User permissions management
Operators typically provide at least one new API, and often multiple. While operator authors know the APIs they’re providing, users installing operators won’t necessarily have this same knowledge. OLM will make it easy to grant permissions to operator-provided APIs to users/groups in various namespaces, but any automation (which would be client-side only) or UX provided by OLM related to user permissions management will be unable to automatically account for watch namespace configurations. See Watched namespaces cannot be configured in a first class API
Also note that user permission management does not unlock operator discoverability (only API discoverability). See “Watch namespace”-aware operator discoverability for more details.
User discovery of “available” APIs
In the future, the Operator Framework team could explore building an API similar to SelfSubjectAccessReview and SelfSubjectRulesReview that answers the question: “What is the public metadata of all extensions that are installed on the cluster that provide APIs that I have permission for in namespace X?”
One solution would be to join “installed extensions with user permissions”. If an installed extension provides an API that a user has RBAC permission for, that extension would be considered available to that user in that scope. This solution would not be foolproof: it makes the (reasonable) assumption that an administrator only configures RBAC for a user in a namespace where a controller is reconciling that object. If an administrator gives a user RBAC access to an API without also configuring that controller to watch the namespace that they have access to, the discovery solution would report an available extension, but then nothing would actually reconcile the object they create.
This solution would tell users about API-only and API+controller bundles that are installed. It would not tell users about controller-only bundles, because they do not include APIs.
Other similar API-centric solutions could be explored as well. For example, pursuing enhancements to OLM v1 or core Kubernetes related to API metadata and/or grouping.

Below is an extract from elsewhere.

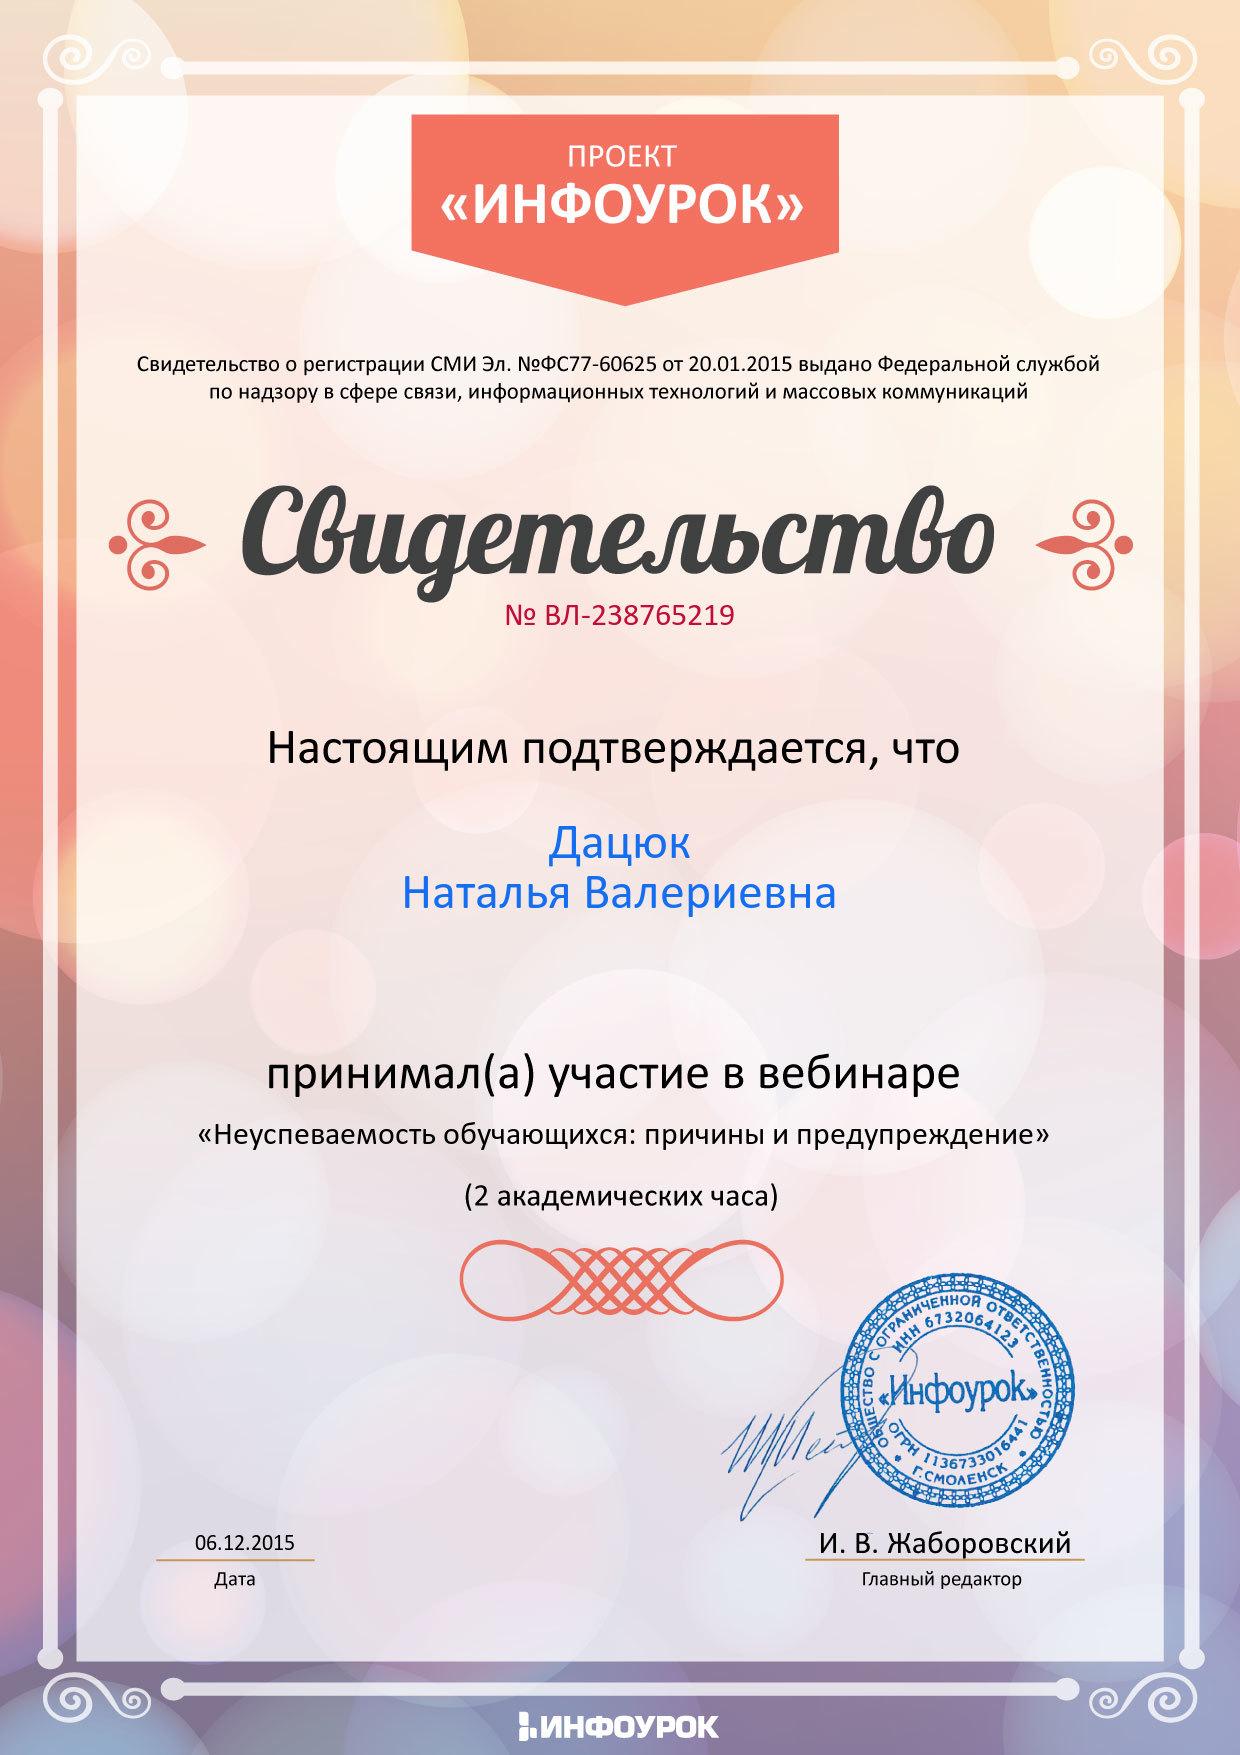 C:\Users\COMPP\Downloads\Свидетельство проекта infourok.ru № ВЛ-238765219.jpg
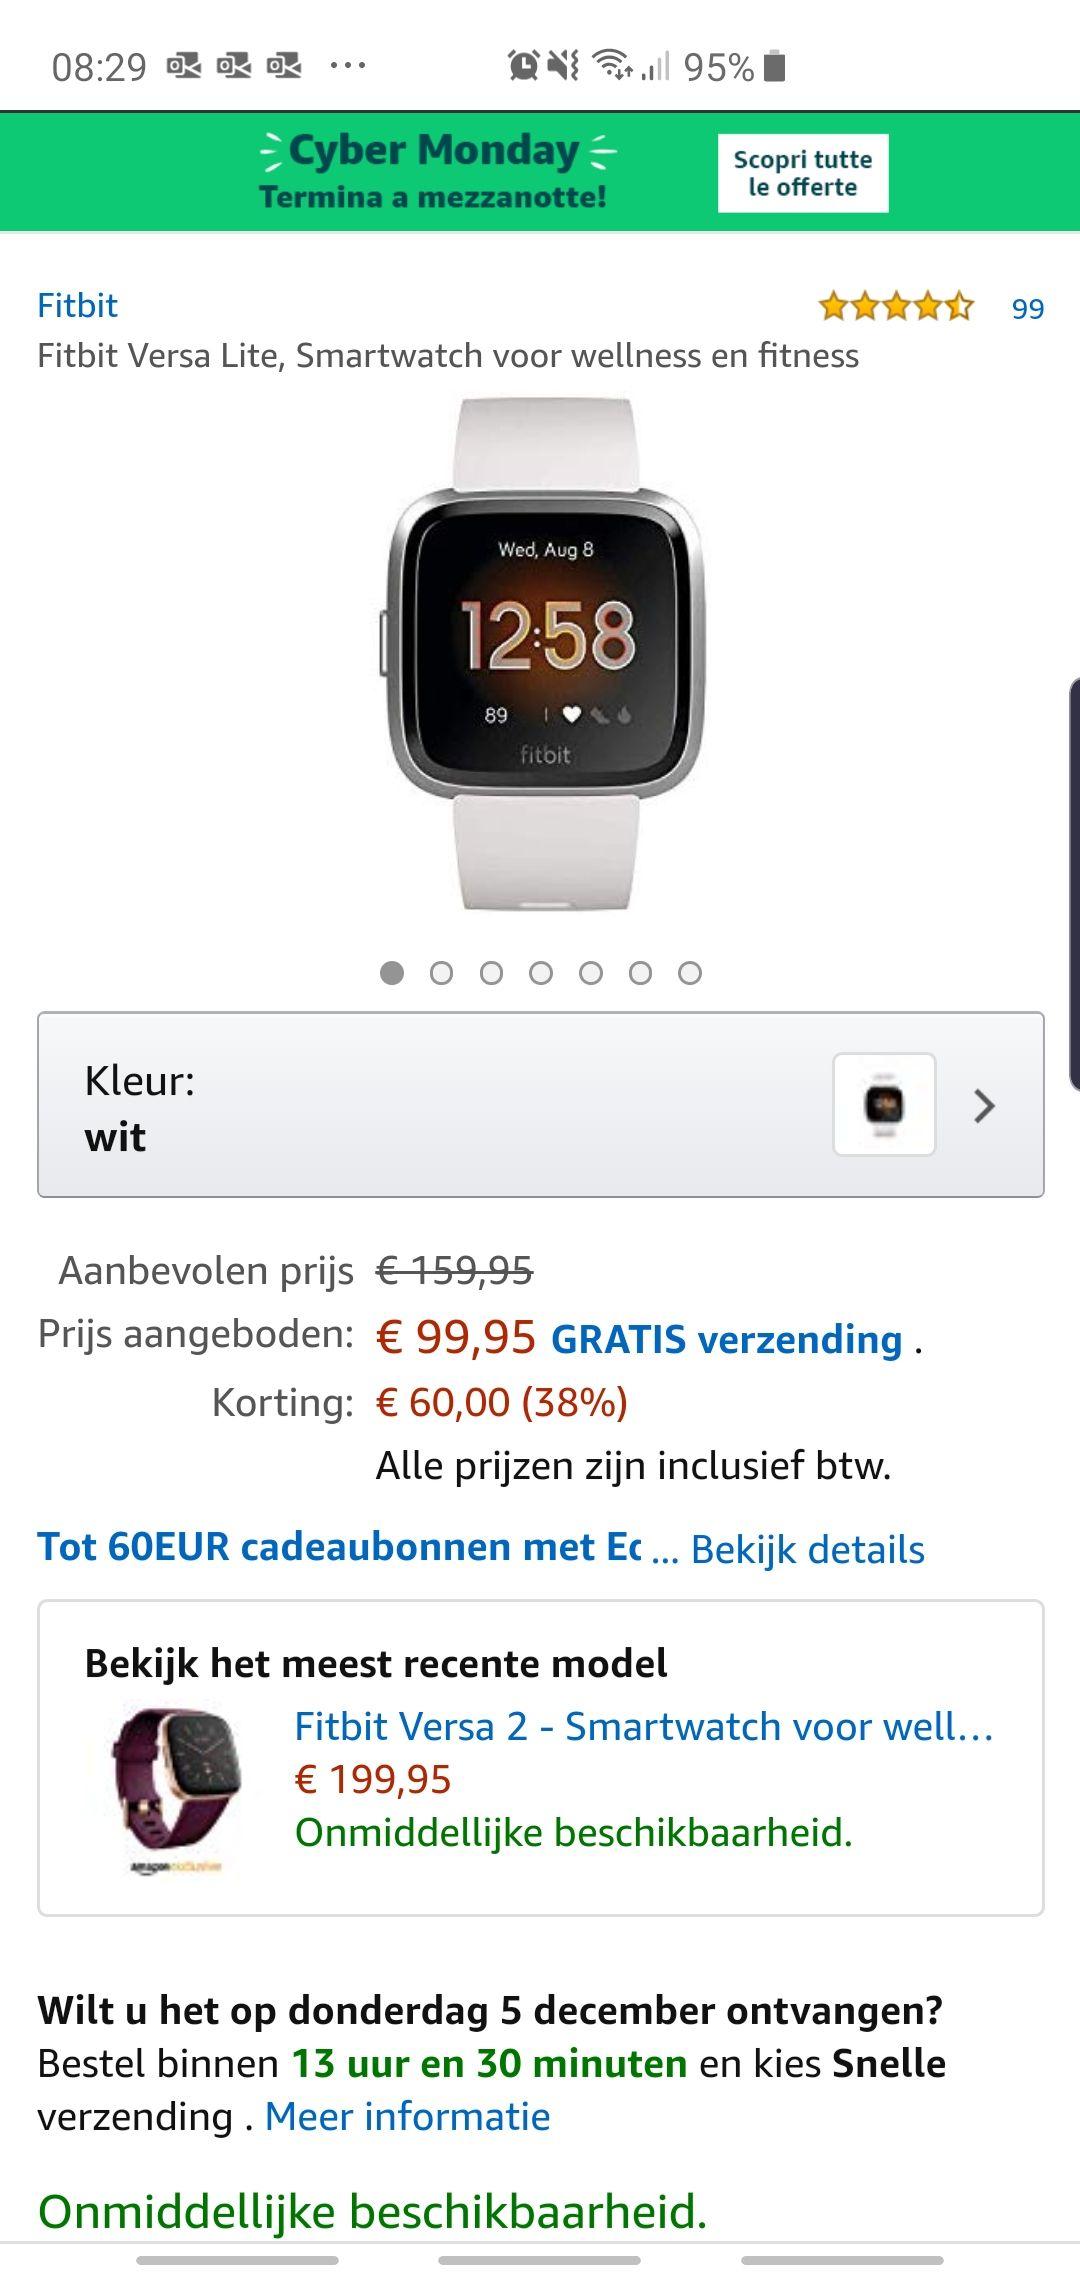 Cyber Monday, Fitbit Versa Lite

A key insight here is that controller-specific metadata like the version of the controller that will reconcile the object in a certain namespace is not necessary for discovery. Discovery is primarily about driving user flows around presenting information and example usage of a group of APIs such that CLIs and UIs can provide rich experiences around interactions with available APIs.
Approach
We will adhere to the following tenets in our approach for the design and implementation of OLM v1
Do not fight Kubernetes
One of the key features of cloud-native applications/extensions/operators is that they typically come with a Kubernetes-based API (e.g. CRD) and a controller that reconciles instances of that API. In Kubernetes, API registration is cluster-scoped. It is not possible to register different APIs in different namespaces. Instances of an API can be cluster- or namespace-scoped. All APIs are global (they can be invoked/accessed regardless of namespace). For cluster-scoped APIs, the names of their instances must be unique. For example, it’s possible to have Nodes named “one” and “two”, but it’s not possible to have multiple Nodes named “two”. For namespace-scoped APIs, the names of their instances must be unique per namespace. The following illustrates this for ConfigMaps, a namespace-scoped API:
Allowed
- Namespace: test, name: my-configmap
- Namespace: other, name: my-configmap
Disallowed
- Namespace: test, name: my-configmap
- Namespace: test, name: my-configmap
In cases where OLMv0 decides that joint ownership of CRDs will not impact different tenants, OLMv0 allows multiple installations of bundles that include the same named CRD, and OLMv0 itself manages the CRD lifecycle. This has security implications because it requires OLMv0 to act as a deputy, but it also pits OLM against the limitations of the Kubernetes API. OLMv0 promises that different versions of an operator can be installed in the cluster for use by different tenants without tenants being affected by each other. This is not a promise OLM can make because it is not possible to have multiple versions of the same CRD present on a cluster for different tenants.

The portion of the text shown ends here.